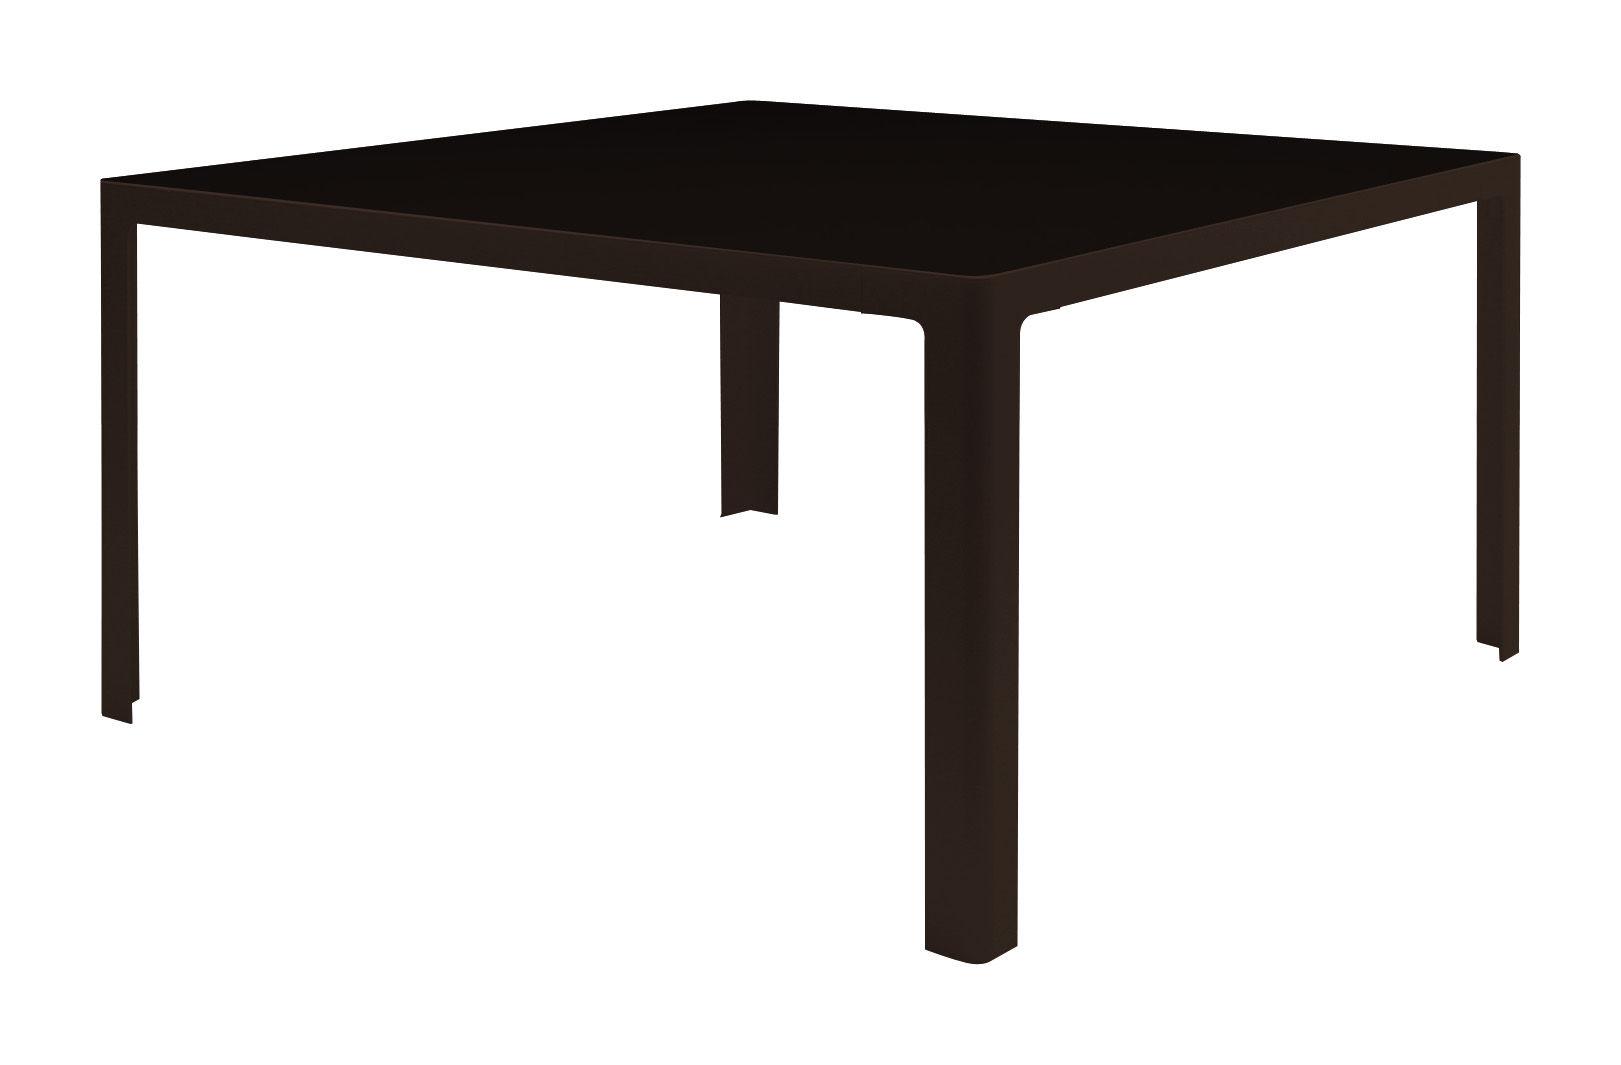 table metisse verre 140 x 140 cm plateau noir structure noir cuivr zeus. Black Bedroom Furniture Sets. Home Design Ideas
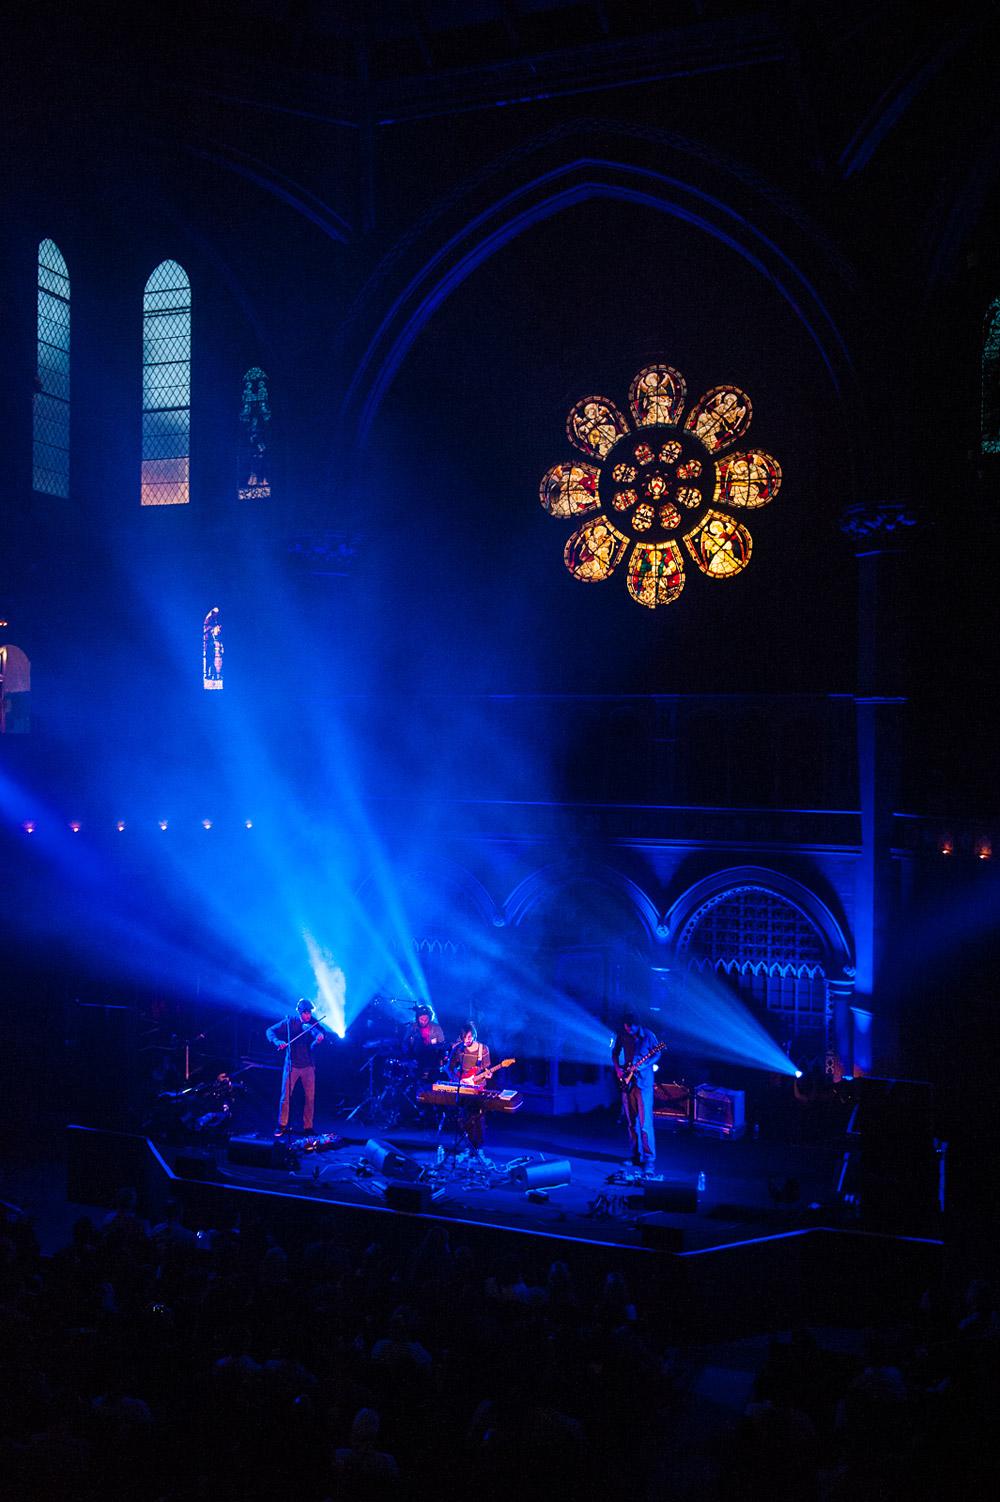 Mutual Benefit @ Union Chapel, London 23/05/14
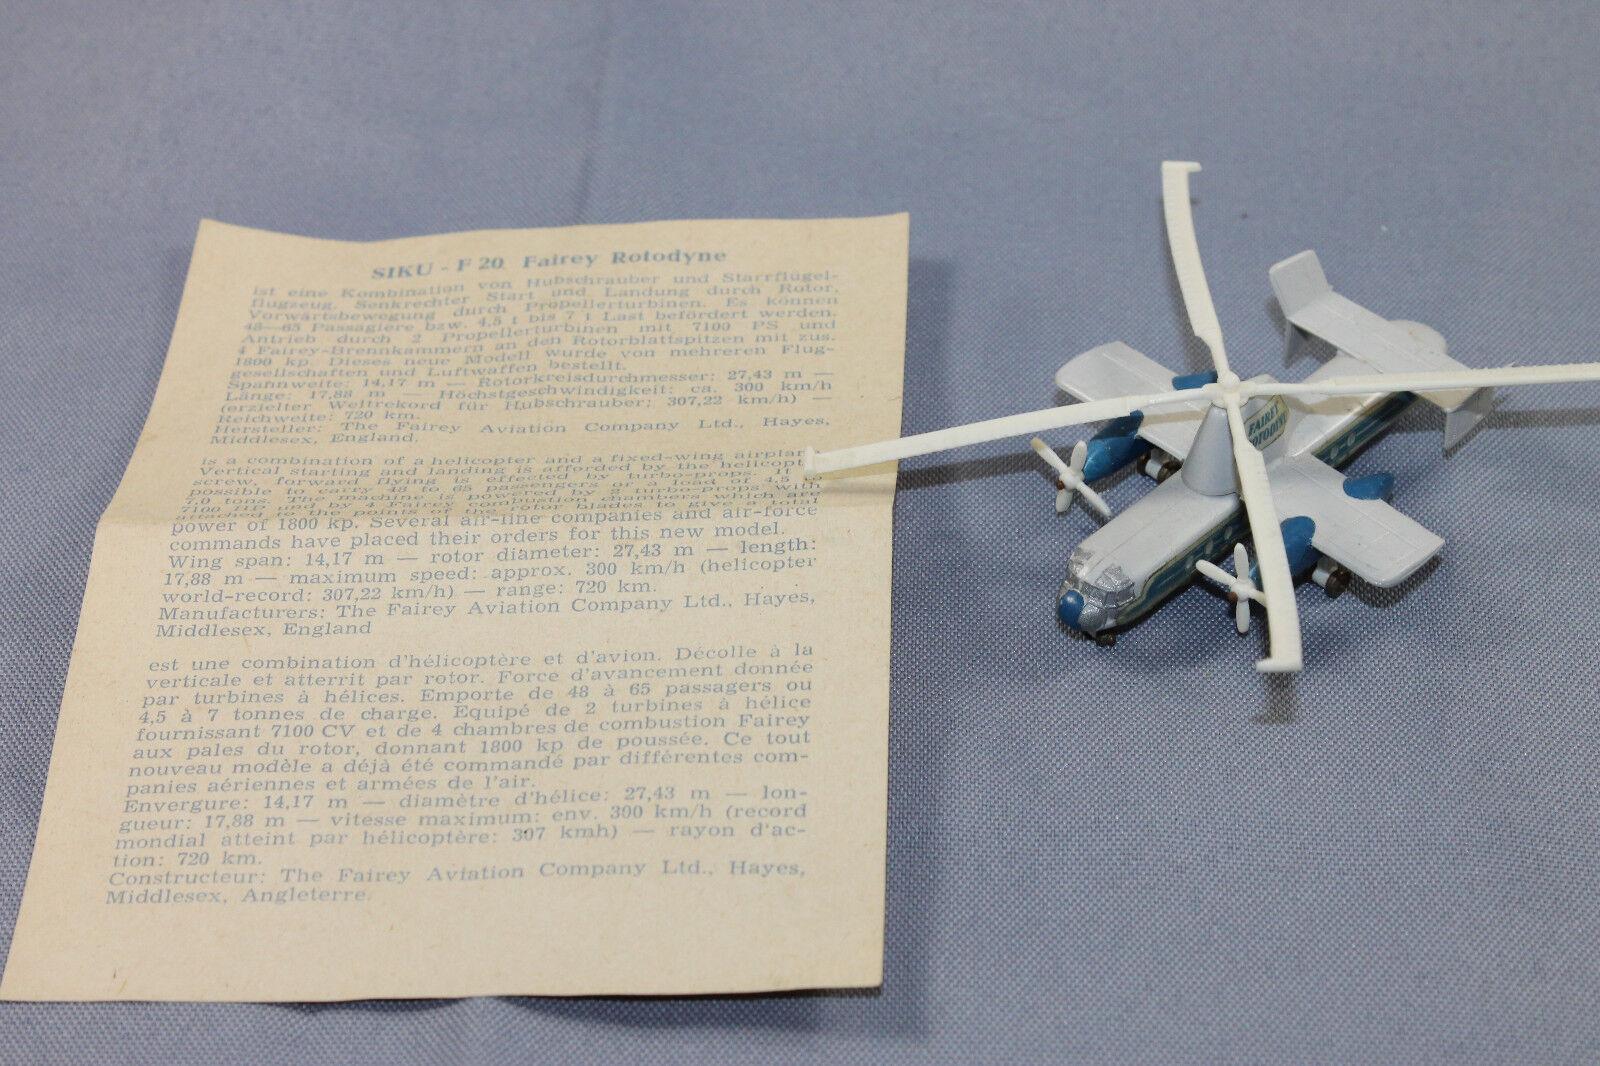 Siku plastique f20 Fairey rougeodyne Hélicoptère notices modèle d'avion 1 250
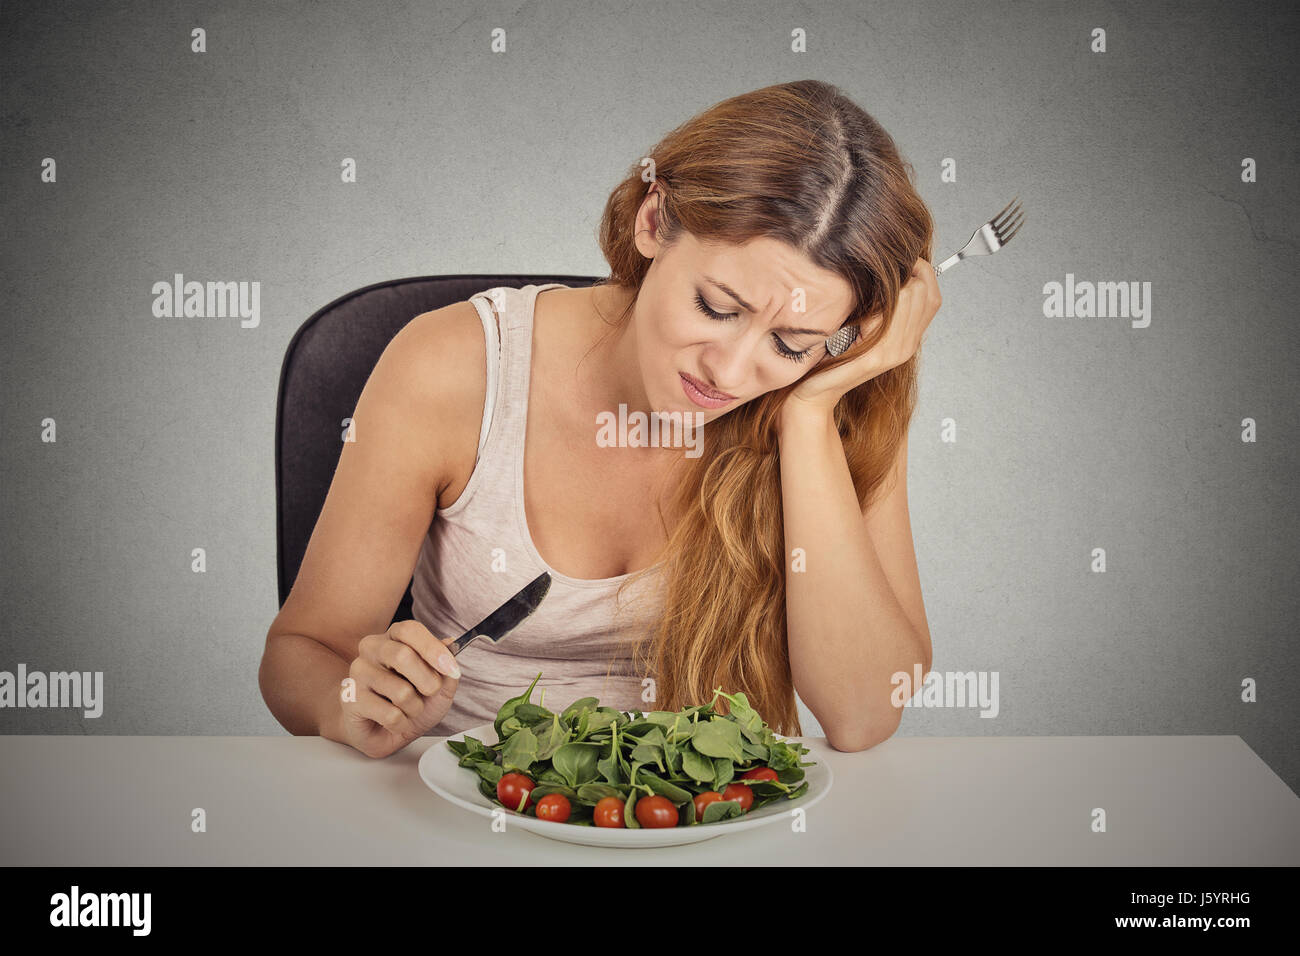 Triste orinato giovane donna mangiare insalata isolato muro grigio Sfondo. Negativo faccia umana espressione di Immagini Stock
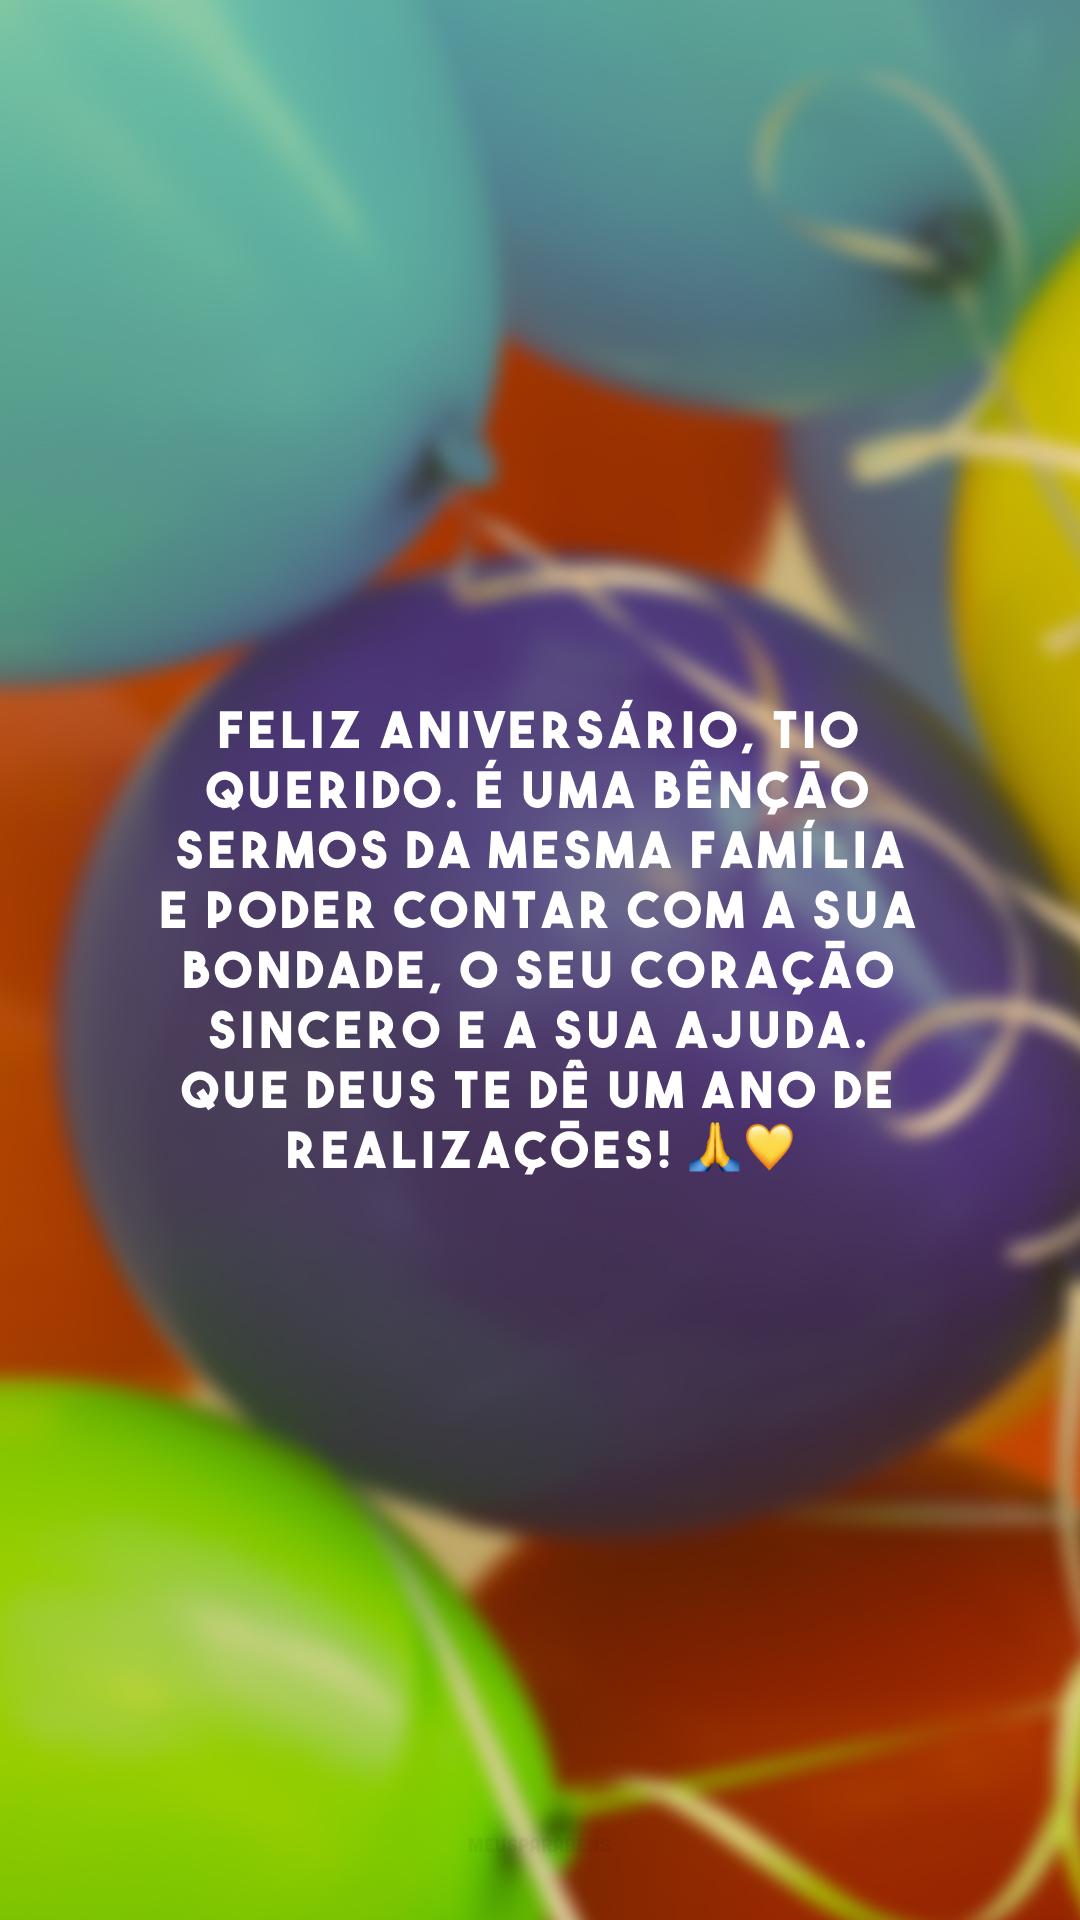 Feliz aniversário, tio querido. É uma bênção sermos da mesma família e poder contar com a sua bondade, o seu coração sincero e a sua ajuda. Que Deus te dê um ano de realizações! 🙏💛

:::::

ACTION ITEM | Write out again only the lines from the line that contains "Siku plastique f20" through the last line of the records, both ends included, without any of the pictures.

SOLUTION BELOW |
 Siku plastique f20 Fairey rougeodyne Hélicoptère notices modèle d'avion 1 250
 Triste orinato giovane donna mangiare insalata isolato muro grigio Sfondo. Negativo faccia umana espressione di Immagini Stock
 Feliz aniversário, tio querido. É uma bênção sermos da mesma família e poder contar com a sua bondade, o seu coração sincero e a sua ajuda. Que Deus te dê um ano de realizações! 🙏💛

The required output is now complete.